After a bidding war, they purchased the house by taking out a fixed-rate mortgage. In 1995, they refinanced for $162,000 with a new 30-year mortgage at a fixed rate of 7.25 percent with First Union Bank, settling their original debt.

In June 2005, their financial situation got complicated when the couple sought to buy a farm property in Virginia and sell their Cold Spring home.

They knew that temporarily they might own both properties because of timing, but did not foresee the problems that lay ahead due to new financing which, instead of a standard mortgage, had to be broken into a few agreements to satisfy Wells Fargo's requirements.

They applied for what they thought was traditional refinancing; one new mortgage for $522,000. On the day they signed the papers in Fishkill, the Websters received $299,000 to purchase their new property in Dugspur, Va., plus $50,000 and the belief that their 1995 mortgage was paid.

Scott Webster said a Wells Fargo representative explained that because of the large loan amount of $522,000, it had to be split into separate agreements. They were presented with a loan for less than they had applied for, a $380,000 mortgage plus a document called a "consolidated mortgage" that was to include the original $162,000 and provide them with a $150,000 home-equity line of credit, which they could draw on if needed.
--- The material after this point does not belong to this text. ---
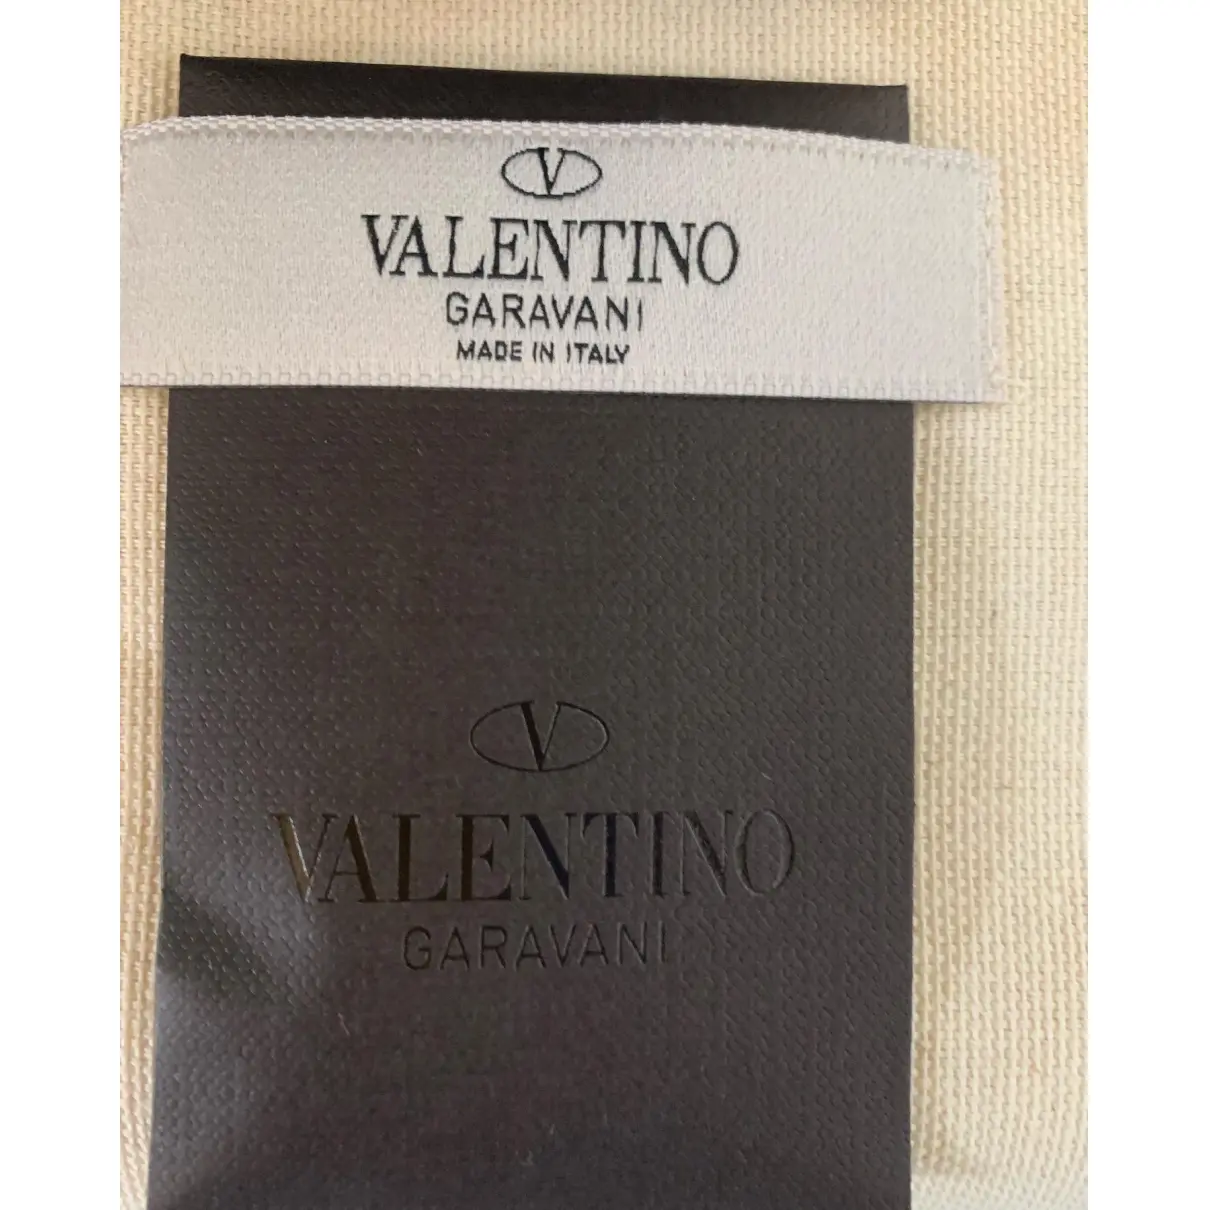 Leather lace ups Valentino Garavani

Recorded papers in the county office show the $162,000 still outstanding in addition to the $380,000, the consolidated $522,000 and the $150,000 equity line, for a total of $1,214,000. The Websters have been unable to correct the paperwork to show the $162,000 loan was paid off or that there should never have been an additional $522,000 loan. They are contending they are victims of predatory lending - sort of a bait and switch.
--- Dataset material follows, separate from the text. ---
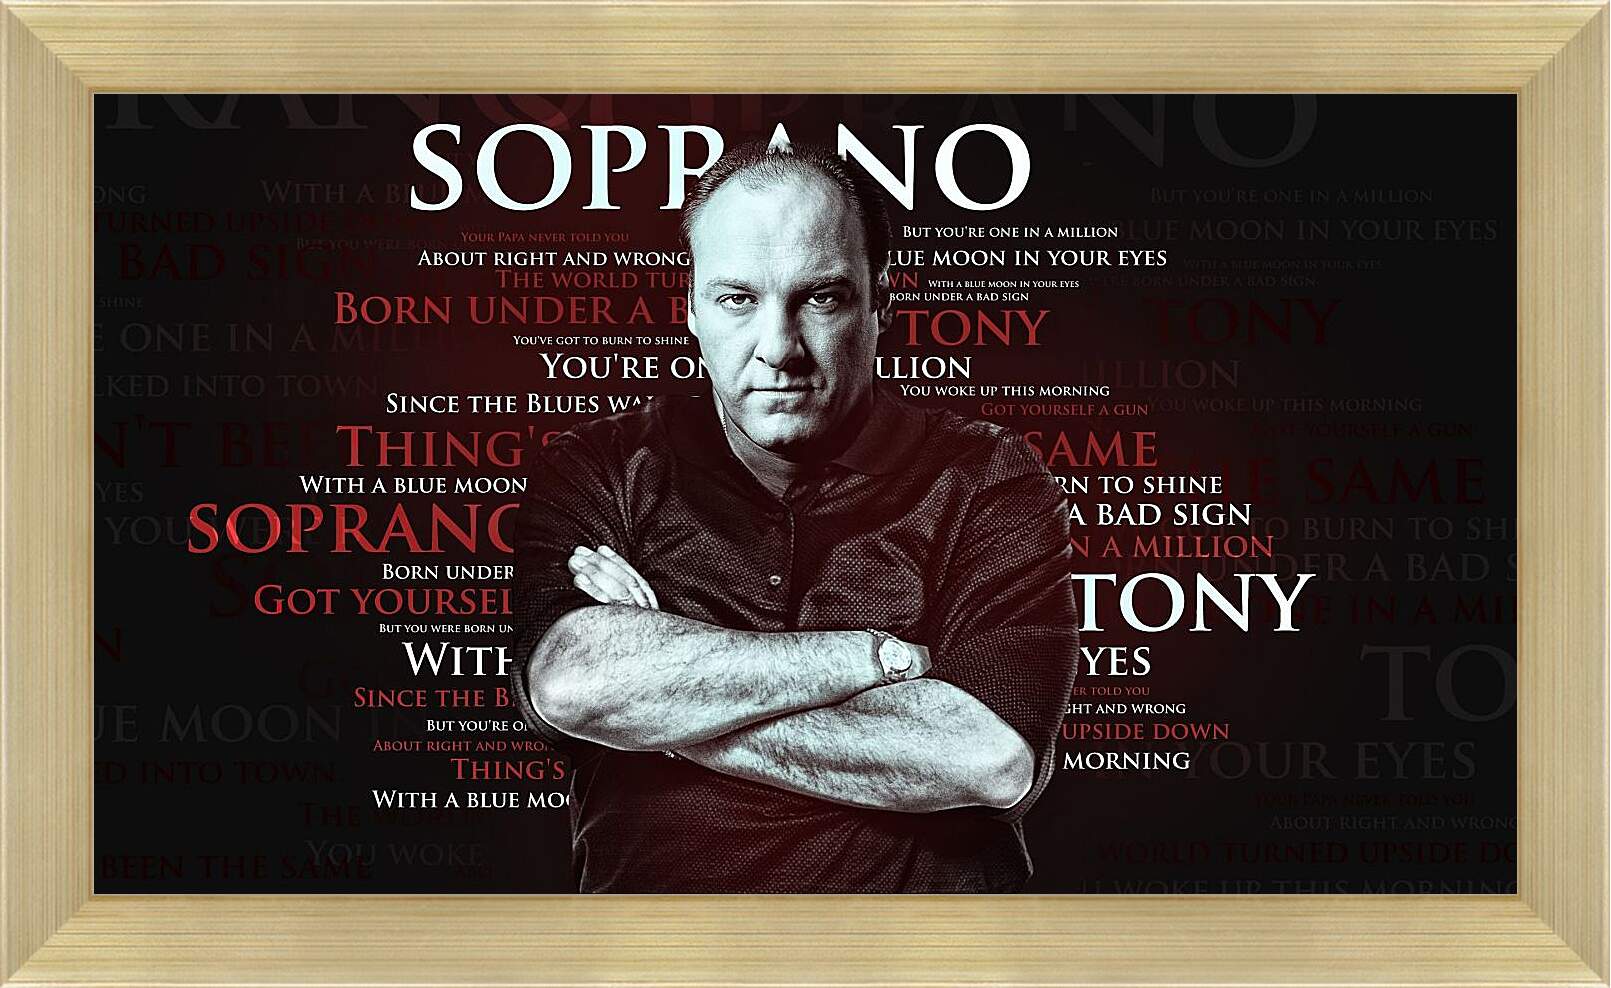 Картина в раме - Клан Сопрано. The Sopranos

"We cannot get a clear title unless this debt is properly resolved," said Jean Allen Webster. "We have already lost a couple of sales as a result of this problem."

Their New York house did not sell as expected, and the Websters contend that it is due to the title problems. After they defaulted on three $4,000 payments, Wells Fargo initiated legal action Dec. 15, 2006.

"We never believed that at this point in our lives, when we should be enjoying retirement or at least semi-retirement, that we would find ourselves caught up in such a fiasco as this current mortgage-market scandal," Scott Webster wrote in a Sept. 30 letter to banking officials. "Before we got sucked into this financial mire, we had an excellent credit score of 769."

Jean Allen Webster said that once the process started, Wells Fargo was not particularly helpful. In fact, the Websters believe they are victims of "predatory lending" and plan to sue the loan company.

They have created their own Web site at www.the-cri.com/congress.htm to tell "Our Great American Nightmare!"

"We ran into financial problems and it has been one thing after another," she said. "It is really hard to focus on anything else."

Wells Fargo said it tries to help customers in trouble.

"Contacting the servicer remains the most critical step a customer should take. In 2006, 30 percent of Wells Fargo Home Mortgage customers who went into foreclosure never contacted us," Kevin Waetke, communications manager/assistant vice president for the Home & Consumer Finance Group, wrote in an e-mail to The Journal News. The company, he said, offers a toll-free number so customers can talk with a financial expert about credit management, and the expert works with customers to prevent foreclosure.

"We know that foreclosures are emotionally devastating and is an event that can take years to overcome. Despite a lender's best efforts, there will be some customers we will not be able to help," he said, adding that he was not authorized to comment specifically on any client's situation.

Sometimes a homeowner must sell the property, said Diane Chipman, co-director of the Putnam County Housing Corp, a federally funded program that advises families in financial crisis.

"People are always asking, 'Why did this happen to us?' " she said, adding she was unaware of the Websters' situation.

"It is usually a case of buyer beware. And I think it is always good to have an experienced attorney."